For this simple MDAnalysis artifact tutorial, the default comparison reads the canonical ConditionArtifact.payload["metrics"], builds the internal MetricValue inputs from the stored means, SEMs, and replicate values, and returns a comparison artifact. Implement extract_metrics() only when you need to customize metric direction, labels, or units from the same canonical payload.

Because the teaching metric has no scientific direction, treat any comparison output as a lifecycle check only. For a real plugin, define metric direction and labels through the supported comparison contract only after the metric has a validated interpretation.

Success state

You have the pieces of a simple scalar plugin when:

  • build_mda_jobs() returns one MDAAnalysisJob.from_function() job.

  • The function returns a JSON-compatible dictionary, not raw MDAnalysis results.

  • The collector returns a ReplicateArtifact with a finite scalar under payload["metrics"].

  • You do not override aggregate() because default aggregation can create the ConditionArtifact from replicate metrics.

  • Default comparison reads the ConditionArtifact metrics directly, or your extract_metrics() reads that canonical payload to add metric metadata.

Common mistakes

  • Treating the teaching metric as science. The x-coordinate example is only a lifecycle exercise. Replace it with a validated quantity for real work.

  • Using the wrong chain-selection spelling. Use lowercase chainid, for example protein and chainid A.

  • Passing backend settings to MDAAnalysisJob.from_function(). Function jobs use the default adapter path; do not pass backend_policy in this tutorial.
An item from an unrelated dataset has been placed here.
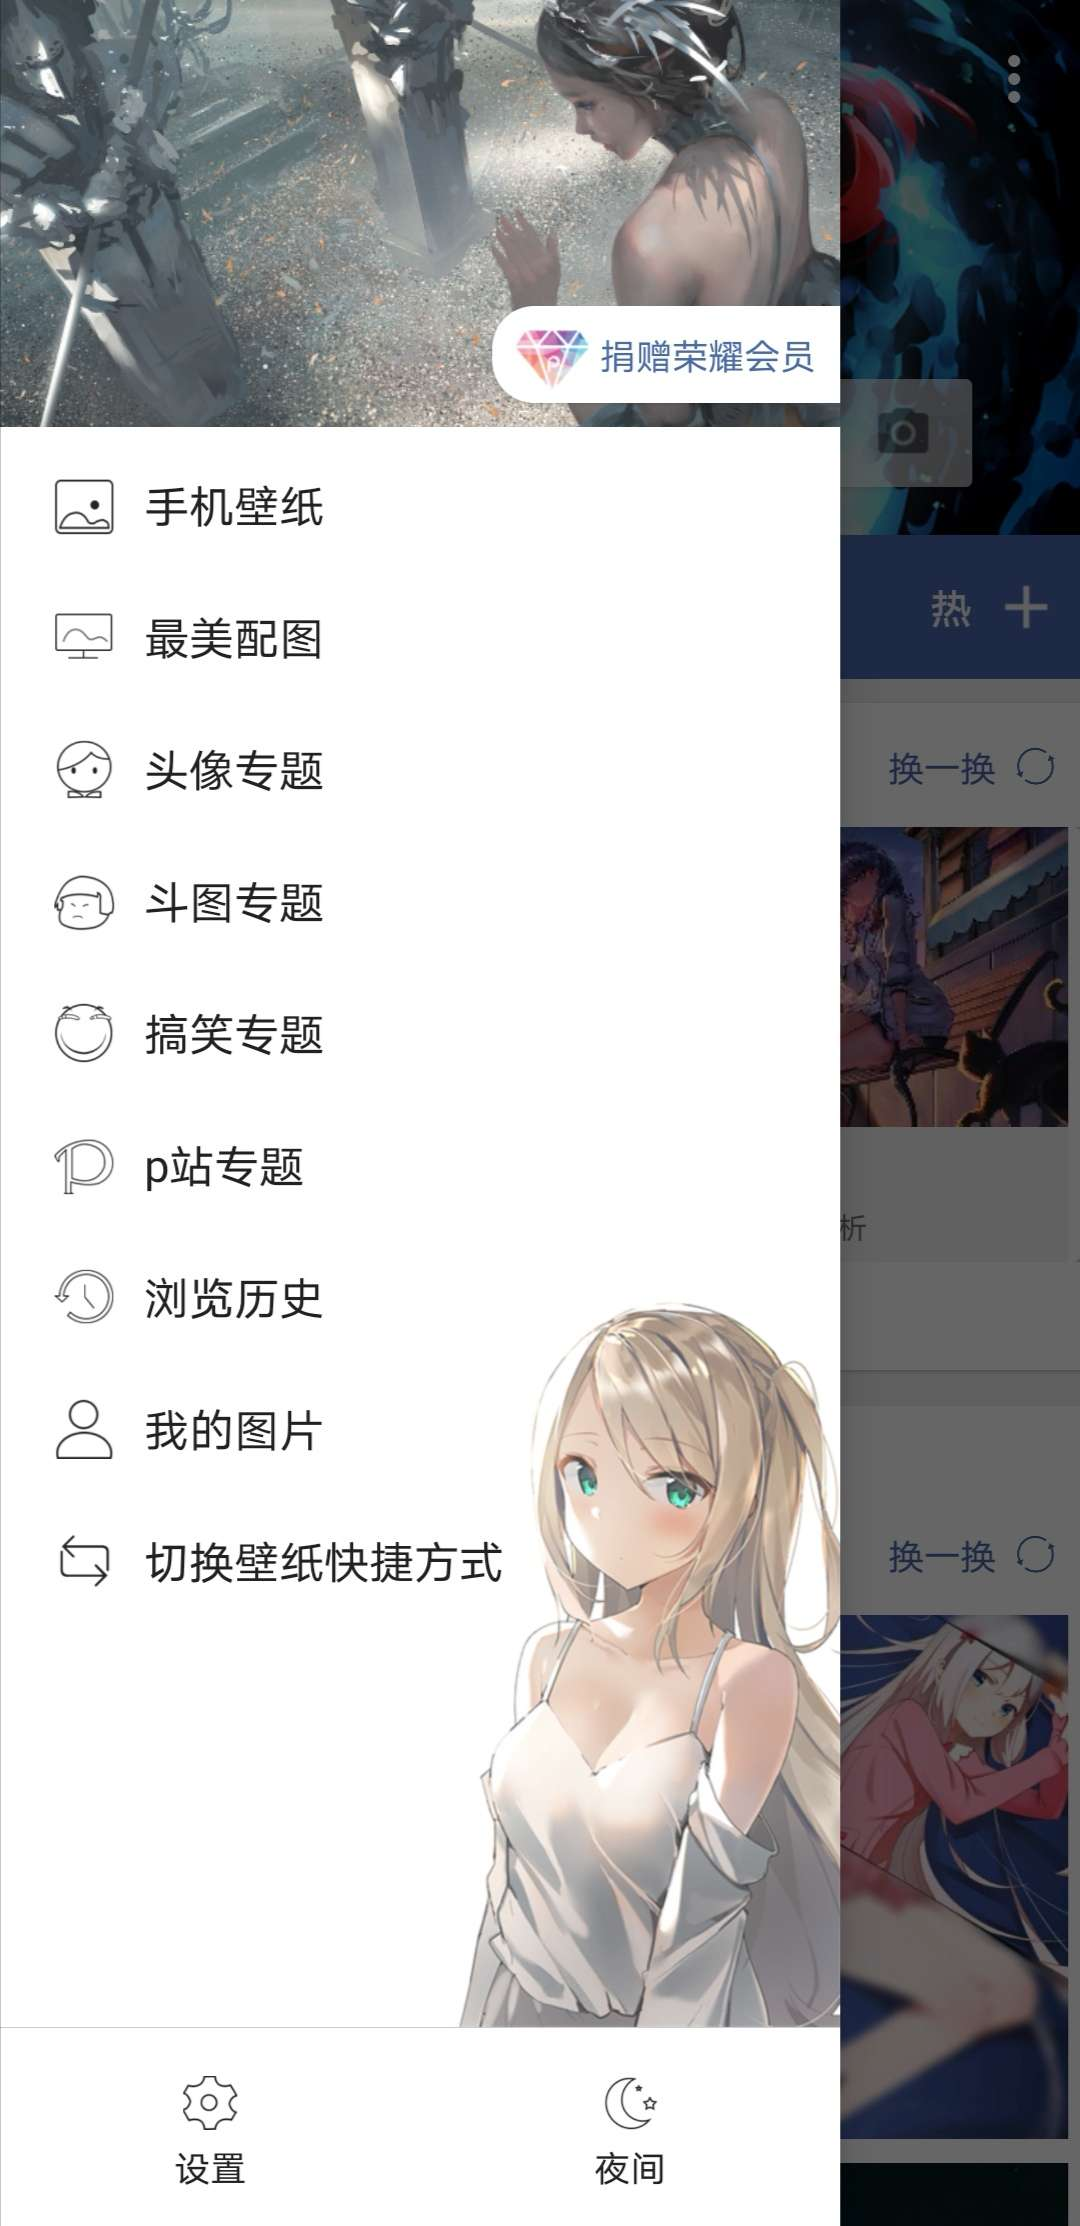 「分享」:搜图神器3.9.5  破解/荣耀会员/无广告/不限功能

  • Serializing raw MDAnalysis results. Store primitive values in the artifact payload. Use Store large analysis outputs with artifact sidecars later for arrays or tables.

  • Hiding aggregation inside the collector. The collector should describe one replicate. Let the default aggregation stage combine replicates.

  • Importing private framework modules. Contributor examples should use polyzymd.analyses.base and polyzymd.analyses.mda.